The --from-history flag exports only packages you explicitly installed, making the file portable across operating systems.

Advanced tips for power users

Speed up conda with libmamba

The default conda solver can be slow. Switch to libmamba for 10-50x faster resolves:

conda install -n base conda-libmamba-solver
conda config --set solver libmamba

As of conda 23.10+, libmamba is the default solver — but check if you're on an older version.

Stacking environments

You can stack environments for shared base dependencies:

conda activate base-ml
conda activate --stack experiment-42

This gives you access to packages from both environments without duplicating large installs.

Using conda in Docker

FROM continuumio/miniconda3:latest

COPY environment.yml .
RUN conda env create -f environment.yml && conda clean -afy

SHELL ["conda", "run", "-n", "myenv", "/bin/bash", "-c"]
CMD ["python", "app.py"]

Using conda in CI/CD

# GitHub Actions example
- uses: conda-incubator/setup-miniconda@v3
  with:
    environment-file: environment.yml
    python-version: "3.11"
    activate-environment: myproject

Common pitfalls and solutions

1. "Solving environment" takes forever

Switch to the libmamba solver (see above) or pin fewer package versions.

2. Mixing conda and pip breaks things

Install all conda packages first, then pip packages. If you need to add more conda packages later, recreate the environment from environment.yml.

3. Environment is too large

Use conda clean --all regularly. Consider using Miniconda instead of Anaconda, and install only what you need.

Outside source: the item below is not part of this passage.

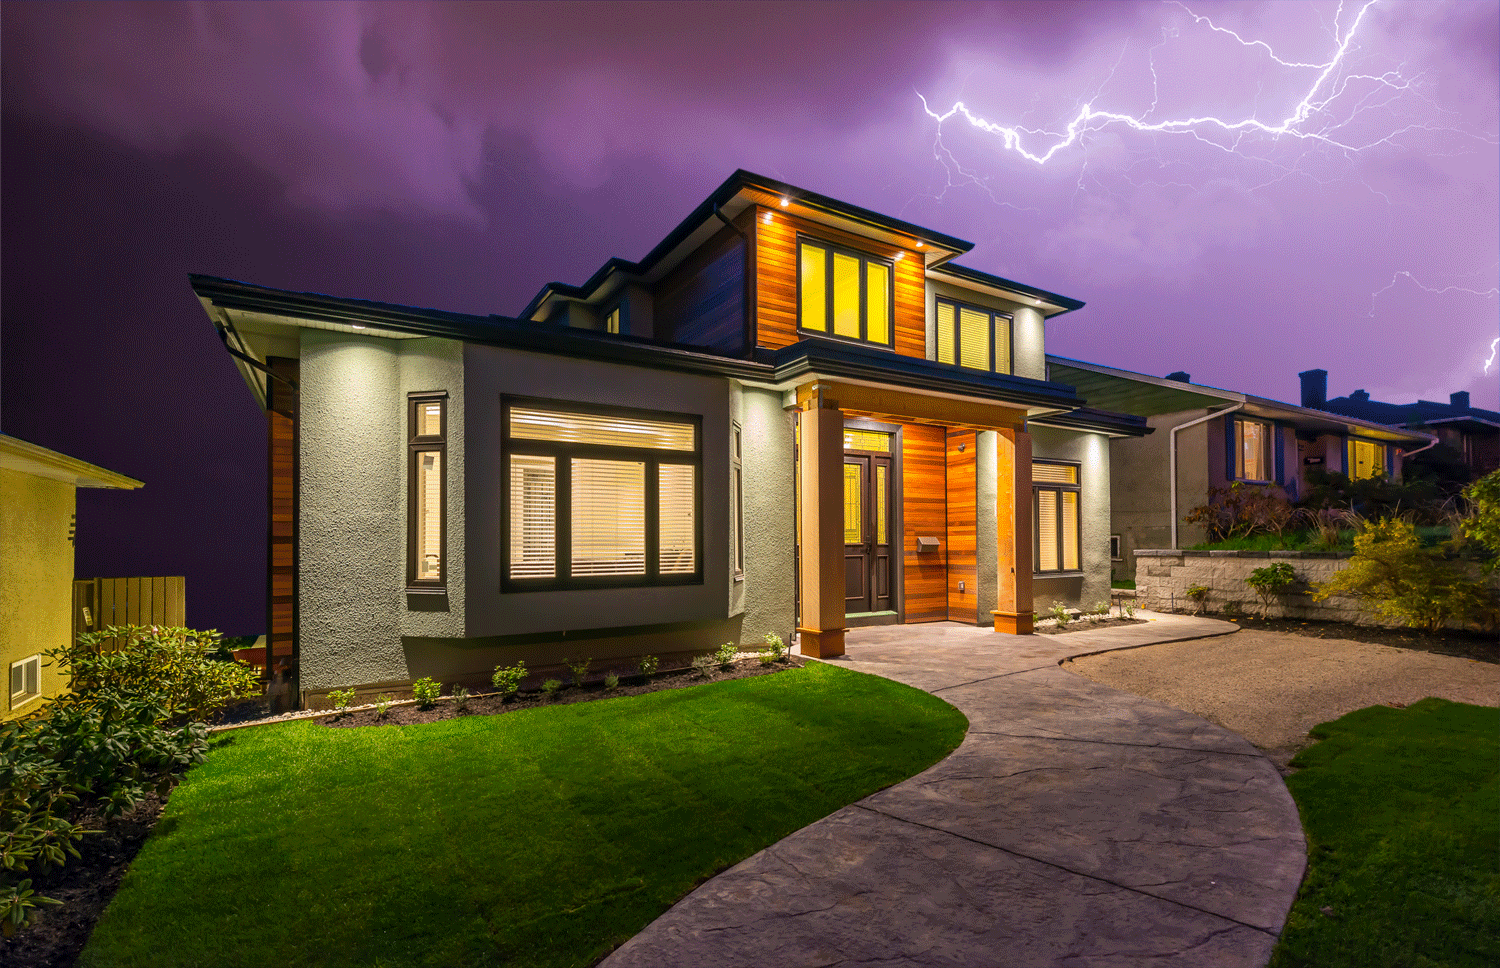 lights on during a lightning storm

4. "Package not found" errors

Search for the package: conda search package-name. Try conda-forge: conda install -c conda-forge package-name. If it's Python-only, use pip as a fallback.

Quick reference

Need a quick lookup for any conda command? Use our Conda Cheat Sheet — it has 90+ commands organized by category with one-click copy, search, and filtering.

Wrapping up

Conda environments are essential for reproducible data science. The key practices are:

  1. One environment per project — never pollute base
  2. Use environment.yml — version-control your dependencies
  3. Prefer conda-forge — largest community channel
  4. Export with --from-history — portable across platforms
  5. Use libmamba solver — dramatically faster installs

Master these patterns and you'll never hear "but it works on my machine" again.